GrowthBook provides the most feature-complete open-source alternative to LaunchDarkly for teams that need both feature flags and experimentation capabilities. Its feature flag system supports boolean, multivariate, and JSON flags with targeting rules based on user attributes, percentage-based rollouts, and prerequisite flags. The experimentation engine runs statistical analysis using Bayesian, frequentist, sequential, and CUPED methods, giving product teams rigorous A/B testing without third-party analytics dependencies.

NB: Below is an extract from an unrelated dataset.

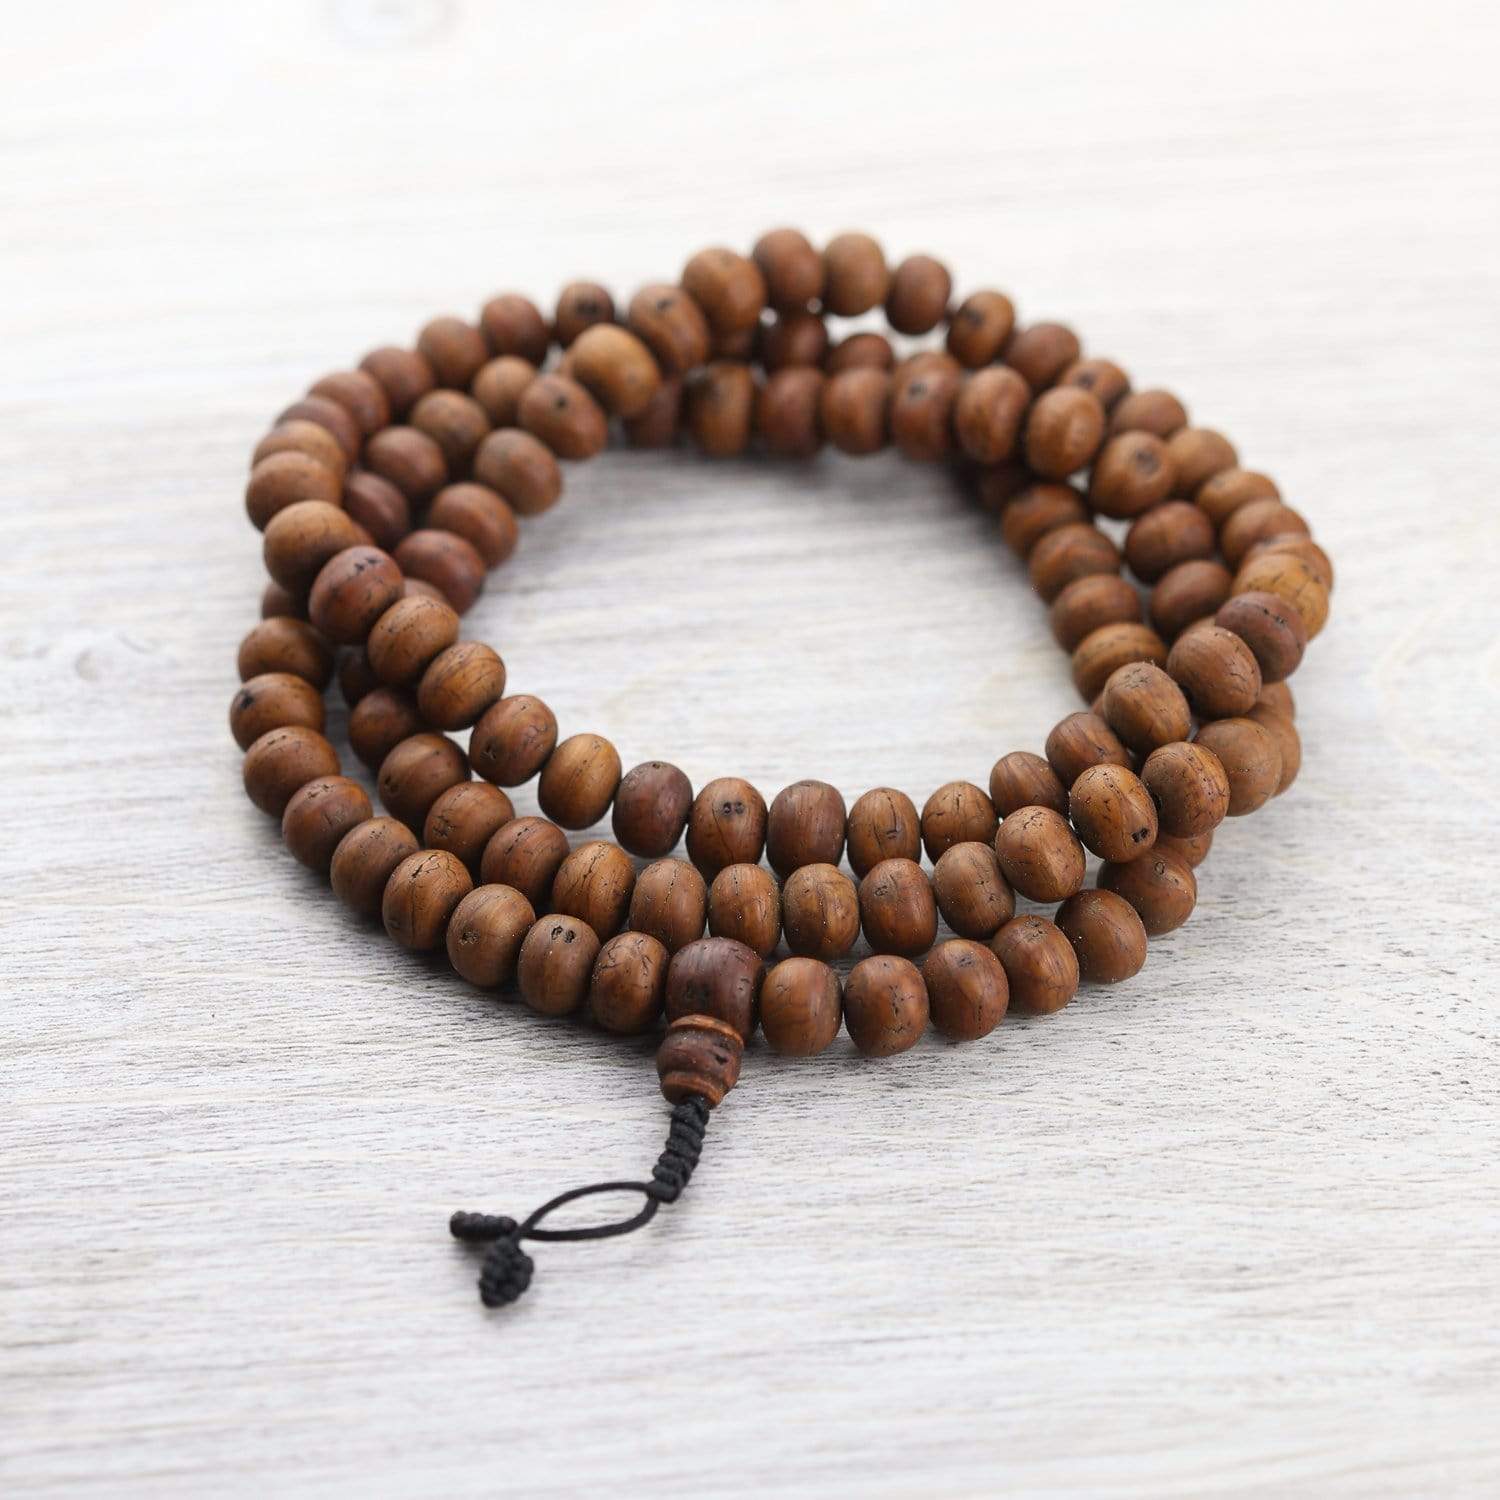 Dark Bodhi Seed Mala - Handmade and Sustainably Sourced in Nepal

What sets GrowthBook apart from simpler feature flag tools is its warehouse-native analytics architecture. Instead of collecting its own event data, it connects directly to your existing data warehouse — BigQuery, Snowflake, Databricks, Redshift, ClickHouse, Mixpanel, or Postgres — to compute experiment results. This means teams use their existing event tracking and data pipelines rather than implementing a parallel analytics stack. The visual experiment editor lets non-technical users create and manage experiments through a web interface.
With 7.9K+ GitHub stars and active development under mixed licensing, GrowthBook has become a default choice for engineering teams that want self-hosted experimentation infrastructure. Most non-enterprise code is available under MIT Expat terms, while enterprise directories use the GrowthBook Enterprise License. SDKs cover JavaScript, React, Python, Ruby, Go, Java, PHP, Swift, Kotlin, Flutter, and more, and the platform includes REST APIs, webhooks, and an MCP Server for feature-flag workflows.